Le tambour des larmes
de Beyrouk

critiqué par Dirlandaise, le 12 novembre 2017
(Québec - 69 ans)


La note:  étoiles
Le secret de Rayhana
Rayhana habite avec sa tribu en Mauritanie situé au nord-ouest de l’Afrique proche du Sahara. Un jour, une équipe d’ingénieurs étrangers arrive et s’installe tout près du campement de la tribu des Oulad Mahmoud, la tribu de Rayhana. Ils sont à la recherche de gisements de pierres précieuses et l’un d’eux se joint souvent aux jeunes Mauritaniens le soir. Il remarque la beauté de la jeune fille et ne tarde pas à lui faire la cour. Une nuit il s’introduit subrepticement dans la tente de la famille de Rayhana et la rejoint dans son lit. La jeune fille doit se taire sous peine de rejet familial et de sanctions beaucoup plus graves. Elle ne tarde pas à tomber enceinte mais l’équipe de travail de son amant disparaît une nuit sans laisser de traces. La vie de Rayhana est bouleversée à jamais.

Ce roman assez court relève plutôt du conte. Il met en valeur le contraste saisissant entre le mode de vie millénaire des nomades et l’émergence de la modernité avec ses gadgets électroniques tels qu’ordinateurs et cellulaires. Le contraste entre la vie dans le désert et celle en ville est saisissant. C’est là que réside tout l’intérêt du récit qui raconte une histoire somme toute assez banale mais les coutumes ancestrales des tribus nomades y sont bien décrites et rendent le tout très instructif. J’ai bien aimé suivre les tribulations de Rayhana malgré la banalité de son histoire.

Beyrouk a reçu pour ce roman le prix Ahmadou Kourouma 2016, prix récompensant un ouvrage de fiction ou un essai consacré à l’Afrique noire.
Femme dans le désert 7 étoiles

Rayhana, fille de la sœur du chef de la tribu dont le père est parti parce que son autorité était contestée par la seule parenté avec le chef, est une jeune bédouine innocente et insouciante qui joue volontiers avec ses amies sur les dunes du Sahara au cœur de la Mauritanie. Elle se laisse séduire par un jeune bédouin vivant au camp de base installé par des Occidentaux à proximité du campement de la tribu pour prospecter le sous-sol de la région. Quand la chamane révèle à sa mère que sa fille est enceinte c’est le ciel qui lui tombe sur la tête, l’honneur de la famille est détruit, tous seront atteints même le chef. Il faut réagir.

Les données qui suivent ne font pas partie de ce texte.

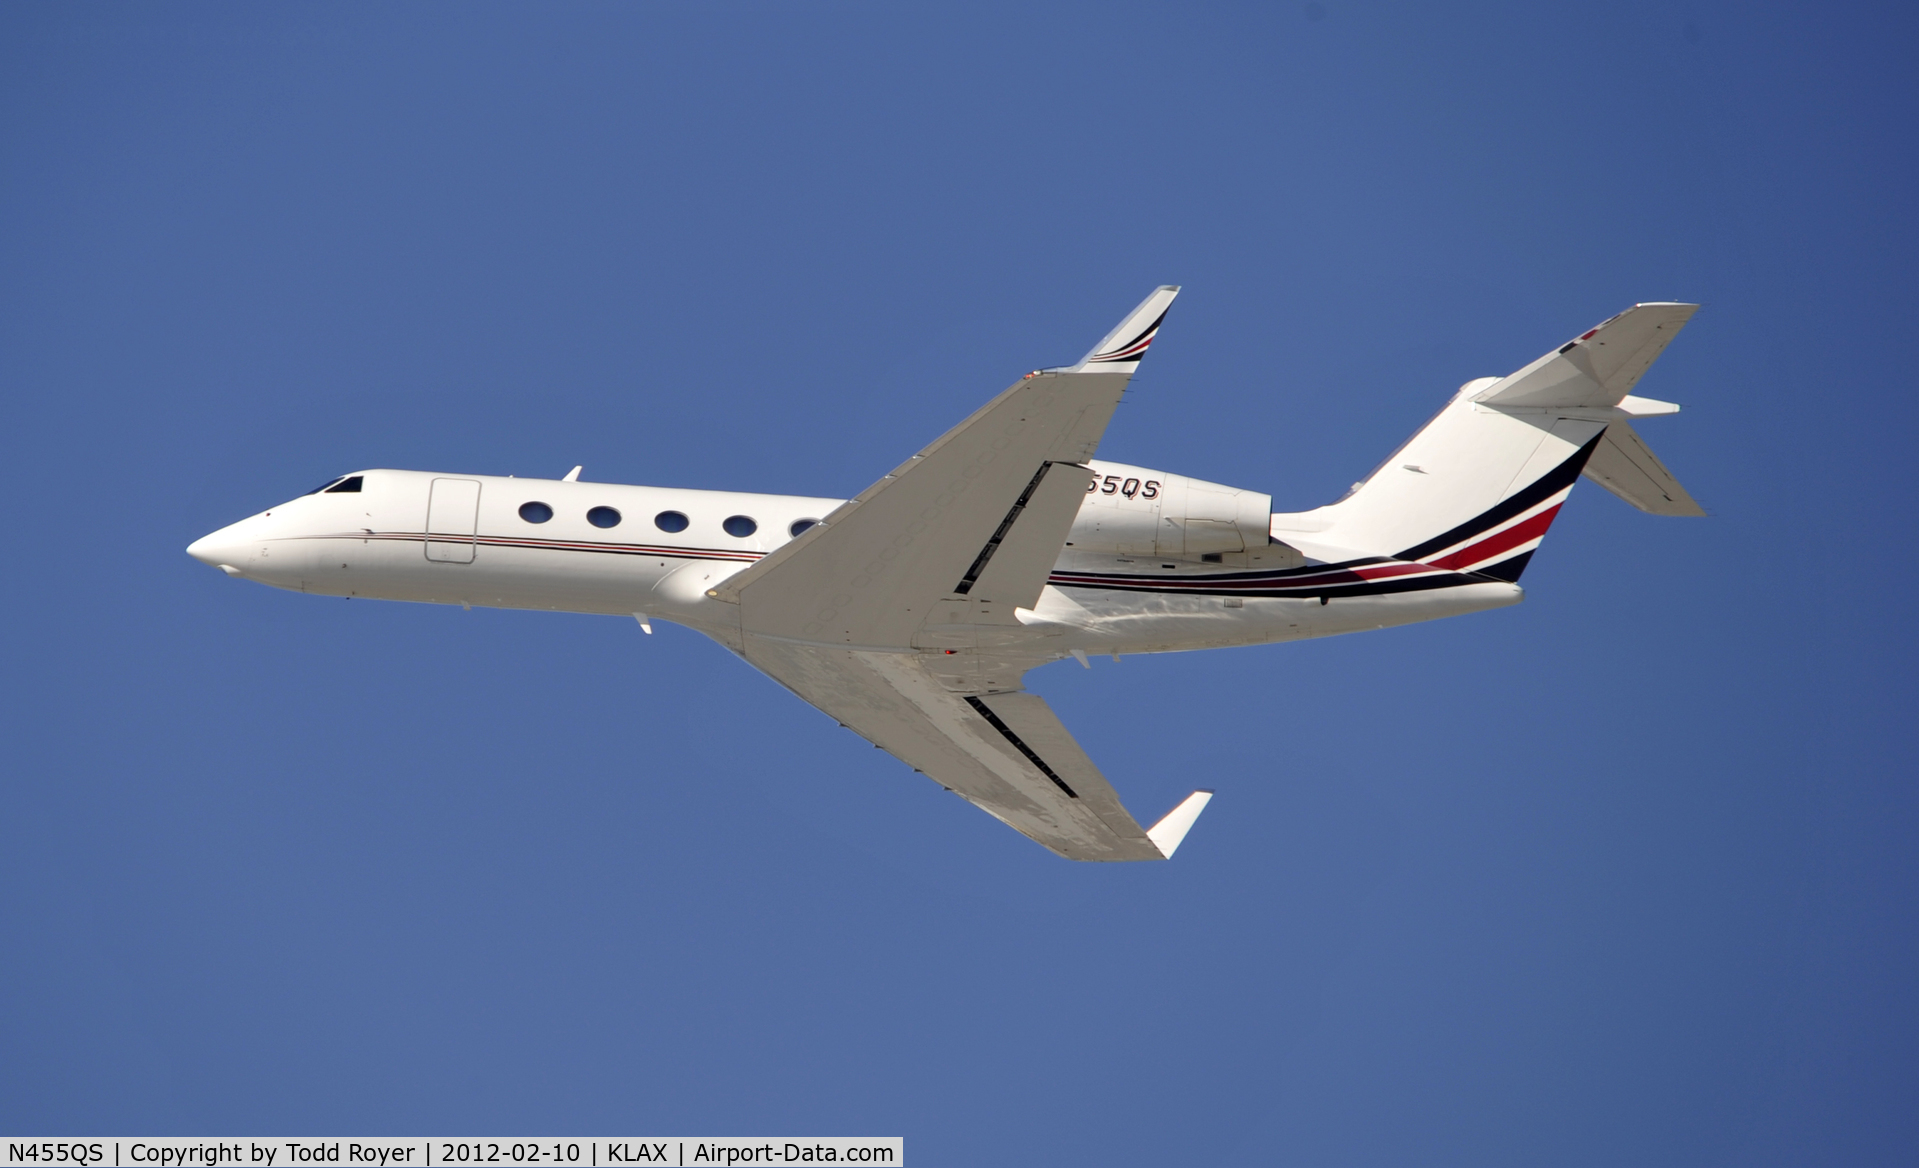 N455QS, 2007 Gulfstream Aerospace GIV-X (G450) C/N 4074, Departing LAX on 25R

Pour pallier cette situation, la mère se retire avec sa fille et deux serviteurs dans un lieu isolé pour que sa fille accouche en secret loin de tous. Au moment de rentrer au campement, elle laisse l’enfant à la servante qui les accompagnait, à l’immense douleur de la jeune fille. Elle sera mariée à un jeune garçon riche et bien né qui la courtise depuis longtemps mais elle lui refusera son corps. Elle préfère fuir en emportant le symbole de la puissance de la tribu ce qui lui vaut une haine éternelle de la part de tous. Elle fuit droit devant elle, rencontre quelques âmes charitables, se réfugie en ville mais ne retrouve pas son enfant. Elle doit encore fuir plus loin jusqu’à la capitale où elle croit se fondre dans la foule mais la haine de son peuple est inextinguible et la fatalité ne l’épargne pas. Ne pouvant faire confiance à quiconque, solitaire, elle devra fuir encore et toujours.

Beyrouk est certainement un grand poète, son écriture le révèle, elle lui permet de raconter des événements violents, brutaux, sans trop bousculer le lecteur. Cette histoire c’est l’histoire des peuples du désert qui ne peuvent survivre que parce qu’ils sont extrêmement solidaires, soudés par une profonde spiritualité et très respectueux des us et coutumes de leur tribu. Ces règles sont hélas très rigoureuses à l’encontre des femmes et ne leur laissent que bien peu de liberté, elles s’accommodent bien de l’islam le plus rigoriste qui a adopté les règles ancestrales appliquées aux femmes considérées comme des bêtes de somme que l’on peut battre et même abattre s’il le faut.

Ce livre c’est l’impossible lutte des femmes contre tous les pouvoirs, tous détenus par les hommes, dans l’immensité du désert où seule la loi de l’obéissance à sa place. Seul le groupe uni peut survivre, l’individu n’a aucune chance dans les sables brûlants, et le groupe c’est l’assemblée des hommes sous la houlette des familles dominantes exploitant les femmes et les esclaves. Un excellent terreau pour les extrémistes qui se sont installés dans le désert pour, comme leurs ancêtres, conduire le rezzou contre les autres peuples.